Loin d'apparaître comme une Thunderbird au rabais, cette nouvelle génération donne au contraire le sentiment d'un retour aux fondamentaux. Plus facile à conduire au quotidien, mieux adaptée à son époque, elle conserve la présence et l'élégance attendues d'un coupé de prestige.
🇺🇸 Une américaine toujours très américaine
À bord, Ford sait exactement à qui il s'adresse. La Thunderbird ne prétend pas rivaliser avec les coupés sportifs européens. Elle privilégie avant tout le confort de ses occupants et une atmosphère feutrée.
Les sièges moelleux, les selleries en velours ou en cuir selon les finitions, les épais tapis et l'abondance d'équipements participent à cette impression de bien-être. Climatisation, régulateur de vitesse, vitres électriques, verrouillage centralisé ou réglages assistés figurent parmi les équipements disponibles, parfois de série selon les versions.
La Thunderbird demeure ainsi un symbole de réussite sociale accessible à une clientèle attachée à un certain art de vivre automobile. Plus qu'une machine à performances, elle se veut une compagne de voyage raffinée, destinée à parcourir les longues routes américaines dans le calme et la sérénité.
🔧 Des mécaniques devenues plus raisonnables
L'époque des puissances démesurées appartient désormais au passé. Les normes antipollution, l'adoption des mesures SAE nettes et la recherche d'une meilleure sobriété conduisent les constructeurs américains à revoir leurs ambitions à la baisse.
La Thunderbird reçoit néanmoins plusieurs V8 fidèles à la tradition américaine. Selon les années et les marchés, les acheteurs peuvent opter pour le 302 cubic inches (5,0 litres), le 351 Windsorb (5,7 litres), le 351 Modified ou encore le 400 cubic inches de 6,6 litres.

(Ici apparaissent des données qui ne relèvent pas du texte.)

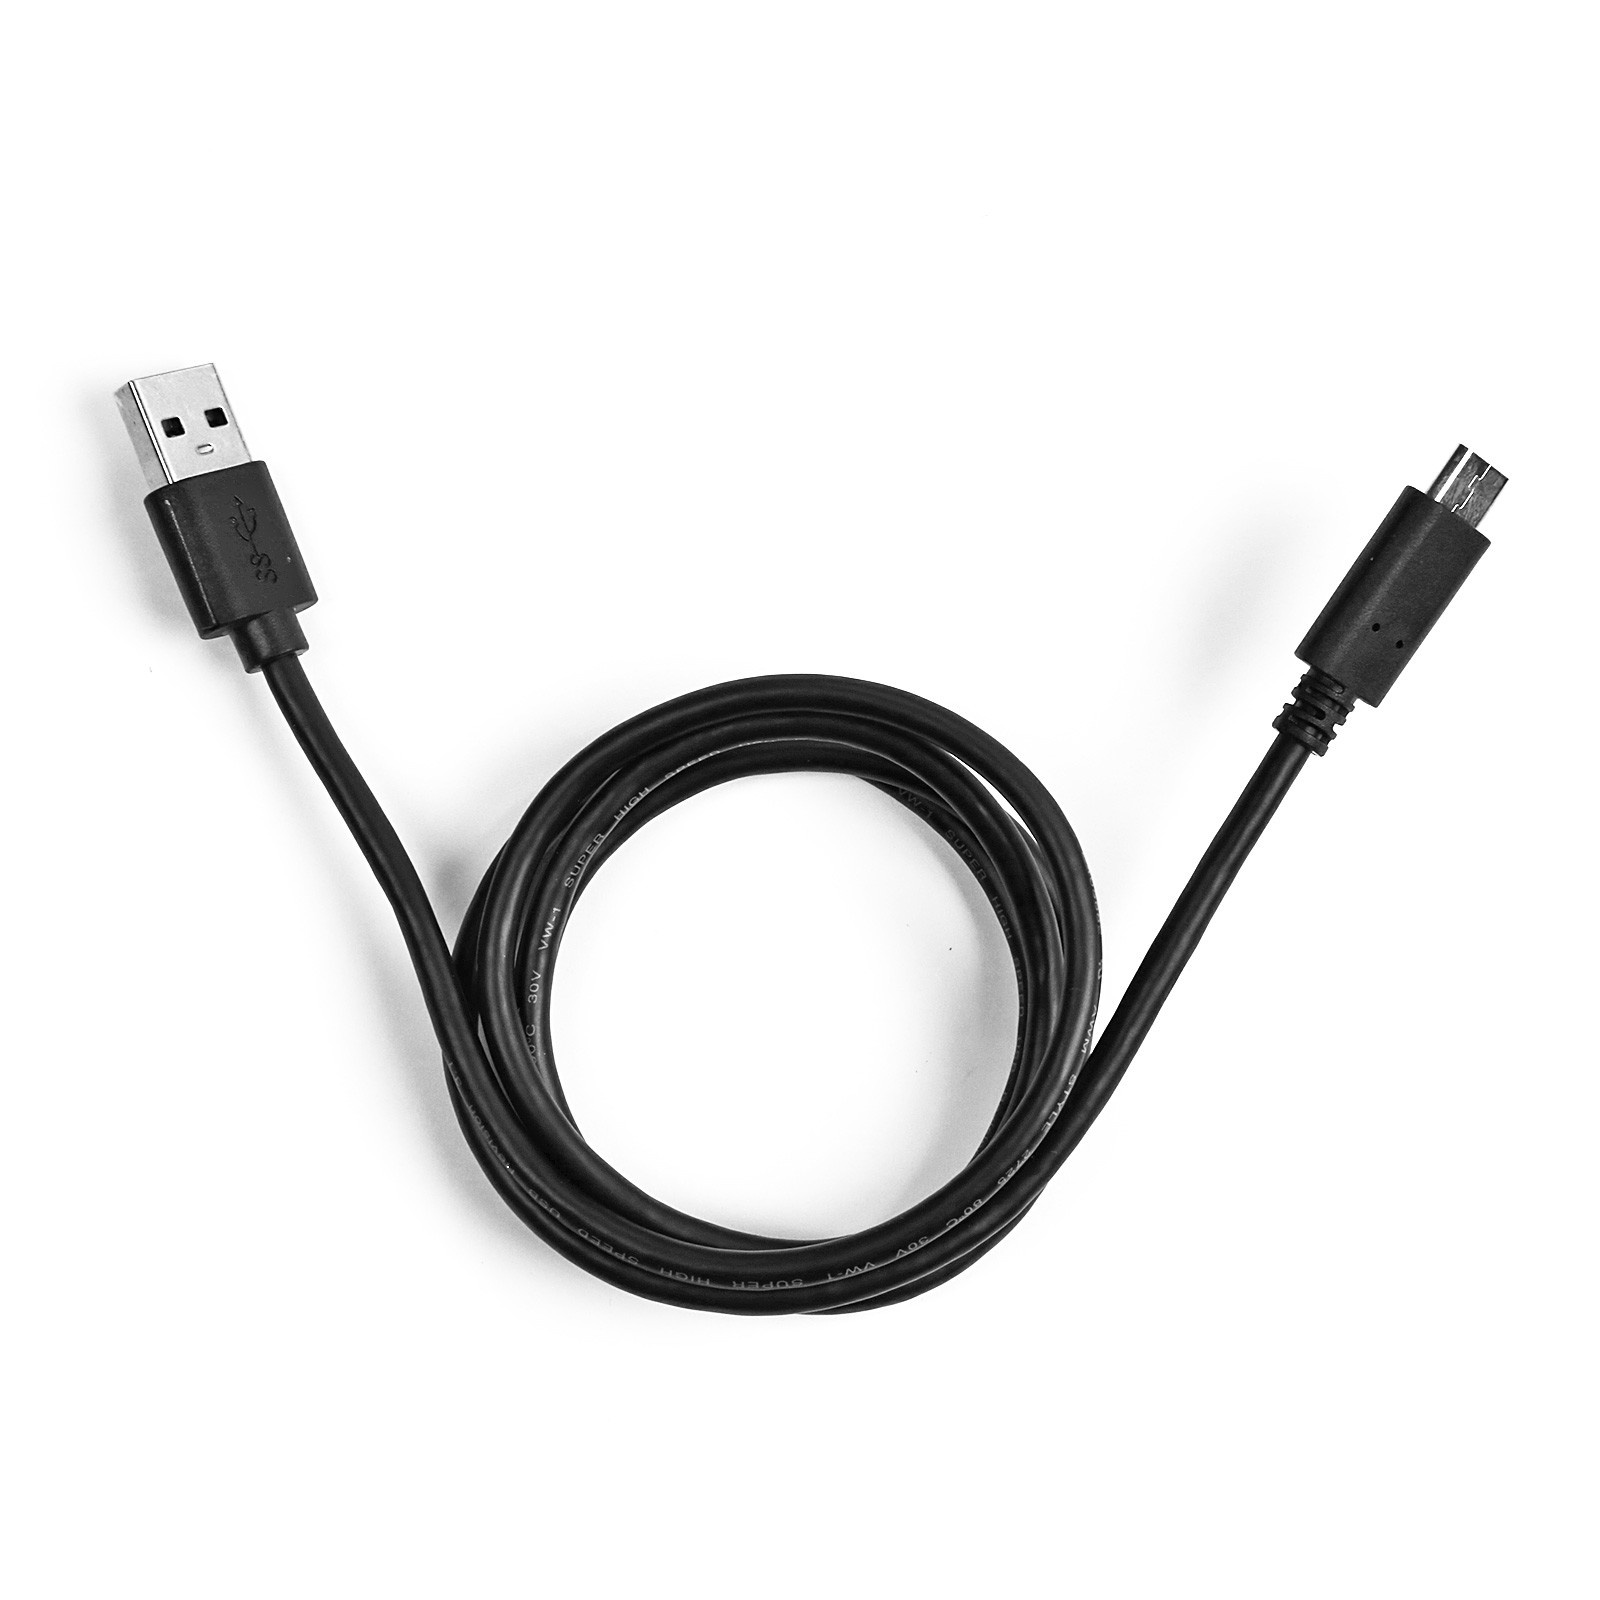 EKON USB 3.1 type C male to type C male cable Inserted with either side facing up, slight design.

Sur le papier, les chiffres paraissent modestes comparés aux cavaleries affichées une décennie plus tôt. Mais l'essentiel est ailleurs. Ces moteurs privilégient la souplesse, la disponibilité à bas régime et l'agrément de conduite. Associés à des transmissions automatiques parfaitement adaptées à leur caractère, ils correspondent aux attentes d'une clientèle davantage sensible au confort qu'aux accélérations spectaculaires.
🏆 Le triomphe inattendu
Ford espère réussir son repositionnement. Le résultat dépasse toutes les attentes.
Dès 1977, la Thunderbird rencontre un succès spectaculaire avec plus de 318 000 exemplaires produits, établissant un record absolu dans l'histoire du modèle. Les millésimes 1978 et 1979 confirment cette réussite avec des volumes de vente qui demeurent exceptionnellement élevés.
Le pari était pourtant loin d'être gagné d'avance. En réduisant les dimensions de son coupé vedette, Ford prenait le risque de décevoir une clientèle réputée conservatrice. Mais les dirigeants avaient vu juste : les automobilistes américains souhaitaient toujours du luxe et du confort, à condition qu'ils s'expriment dans un format mieux adapté aux réalités de la fin des années 1970.
La Thunderbird redevient alors la référence de la catégorie des « personal luxury cars » et prouve qu'il est possible d'évoluer sans renier son identité.
🔄 Vers une nouvelle décennie
En 1980, Ford présente une Thunderbird entièrement renouvelée. Plus compacte encore, plus aérodynamique et davantage tournée vers l'efficience, elle témoigne des profondes transformations que connaît désormais l'industrie automobile américaine.
Avec le recul, la génération 1977-1979 apparaît comme un équilibre particulièrement réussi. Suffisamment moderne pour répondre aux contraintes de son temps, elle demeure profondément attachée aux valeurs qui ont bâti la réputation du modèle : le style, le confort et cette manière très américaine de concevoir le prestige automobile. Avec presque un million d'exemplaires vendus en trois ans,
À bien des égards, elle représente une renaissance exemplaire qui justifie pleinement son surnom de « phénix de Dearborn ». Elle est ensuite remplacée par la Mk VIII qui tente de toiletter la formule.